Subject: Re: Restartable Sequences system call merged into Linux

On 06/14/2018 03:25 PM, Pavel Machek wrote:

> But the proposal wanted to add a syscall to thread creation, right?
> And I believe that may be noticeable.

We already call set_robust_list, so we could just pass a larger area to
that and the kernel could use it.
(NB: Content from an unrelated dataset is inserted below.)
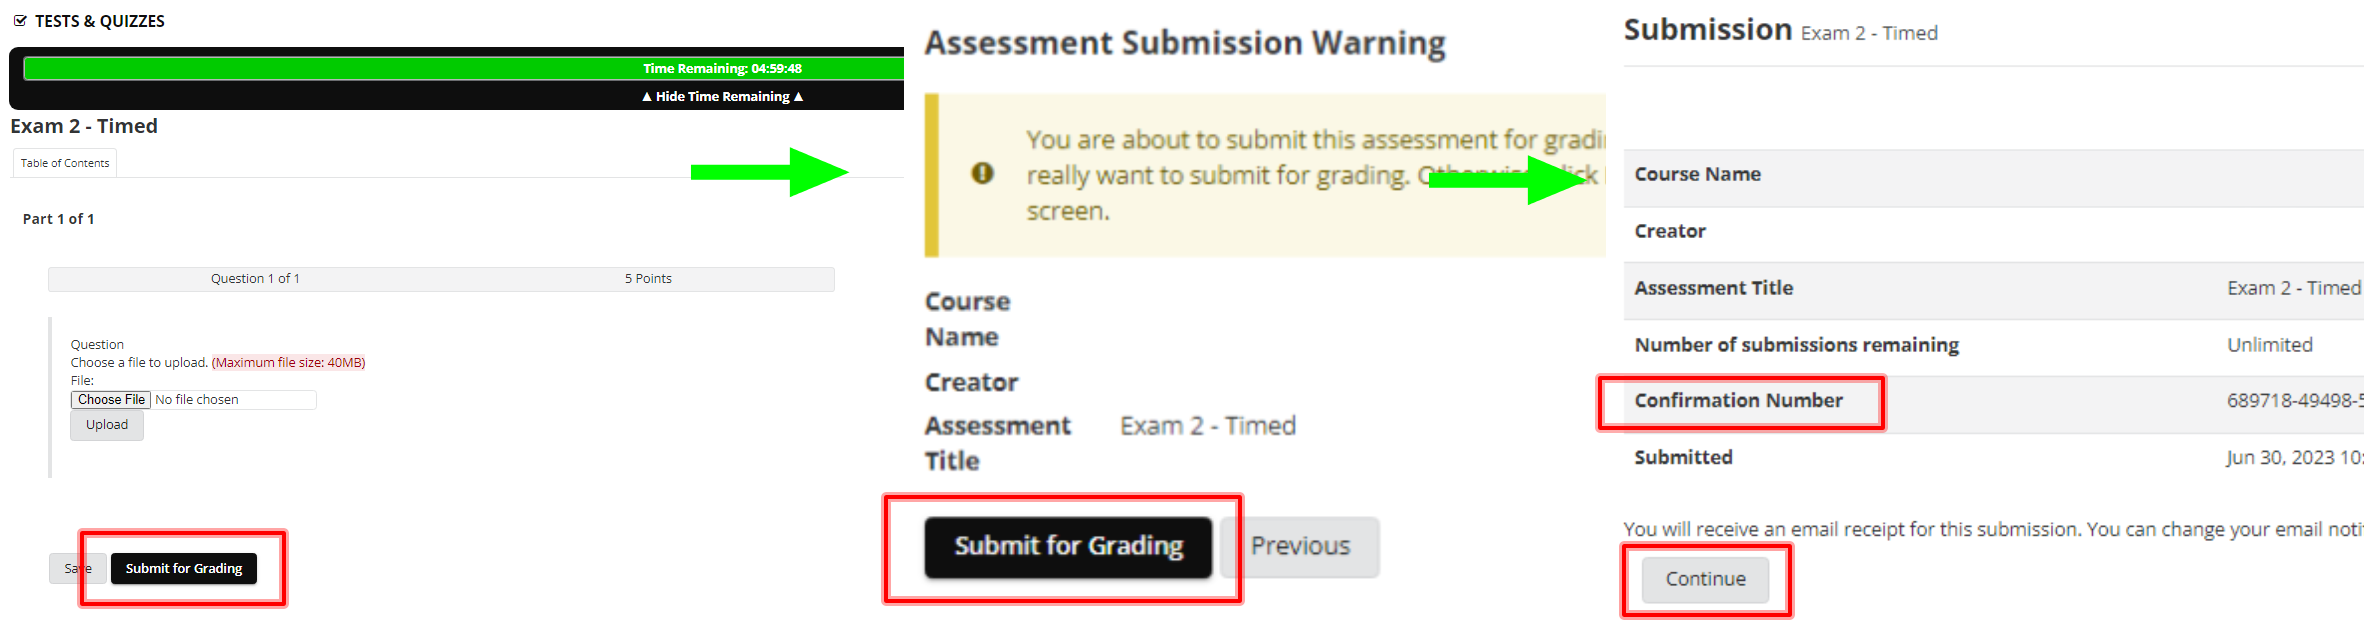 This image shows three screens: the final question page, the confirm submission page, and the successful submission page. Highlighted in the first screen is the submit for grading button. Highlighted in the second screen is the confirm submit for grading button. Highlighted in the third screen is the continue button once a confirmation number is received.

Then no additional system call would
be needed in the common case (new kernel which recognizes the new area
size).

But then we cannot use an initial-exec thread local variable for it
(although the offset from the thread pointer will still be constant, of
course).

Thanks,
Florian

2018-06-14 13:40:40

by Mathieu Desnoyers

[permalink] [raw]

Subject: Re: Restartable Sequences system call merged into Linux

----- On Jun 14, 2018, at 9:25 AM, Pavel Machek [email protected] wrote:

> Hi!
>
>> >> >>>> It should be noted that there can be only one rseq TLS area registered per
>> >> >>>> thread,
>> >> >>>> which can then be used by many libraries and by the executable, so this is a
>> >> >>>> process-wide (per-thread) resource that we need to manage carefully.
>> >> >>>
>> >> >>> Is it possible to resize the area after thread creation, perhaps even
>> >> >>> from other threads?
>> >> >>
>> >> >> I'm not sure why we would want to resize it. The per-thread area is fixed-size.
>> >> >> Its layout is here: include/uapi/linux/rseq.h: struct rseq
>> >> >
>> >> > Looks I was mistaken and this is very similar to the robust mutex list.
>> >> >
>> >> > Should we treat it the same way? Always allocate it for each new thread
>> >> > and register it with the kernel?
>> >>
>> >> That would be an efficient way to do it, indeed. There is very little
>> >> performance overhead to have rseq registered for all threads, whether or
>> >> not they intend to run rseq critical sections.
>> >
>> > People with slow / low memory machines would prefer not to see
>> > overhead they don't need...
>>
>> In terms of memory usage, if people don't want the extra few bytes of memory
>> used by rseq in the kernel, they should use CONFIG_RSEQ=n.
>>
>> In terms of overhead, let's have a closer look at what it means: when a thread
>> is registered to rseq, but does not enter rseq critical sections, only this
>> extra work is done by the kernel:
>>
>> - rseq_preempt(): on preemption, the scheduler sets the TIF_NOTIFY_RESUME thread
>> flag, so rseq_handle_notify_resume() can check whether it's in a rseq critical
>> section when returning to user-space,
>> - rseq_signal_deliver(): on signal delivery, rseq_handle_notify_resume() checks
>> whether it's in a rseq critical section,
>> - rseq_migrate: on migration, the scheduler sets TIF_NOTIFY_RESUME as well,
>
> Yes, this is not likely to be noticeable.
>
> But the proposal wanted to add a syscall to thread creation, right?
> And I believe that may be noticeable.

Fair point! Do we have a standard benchmark that would stress this ?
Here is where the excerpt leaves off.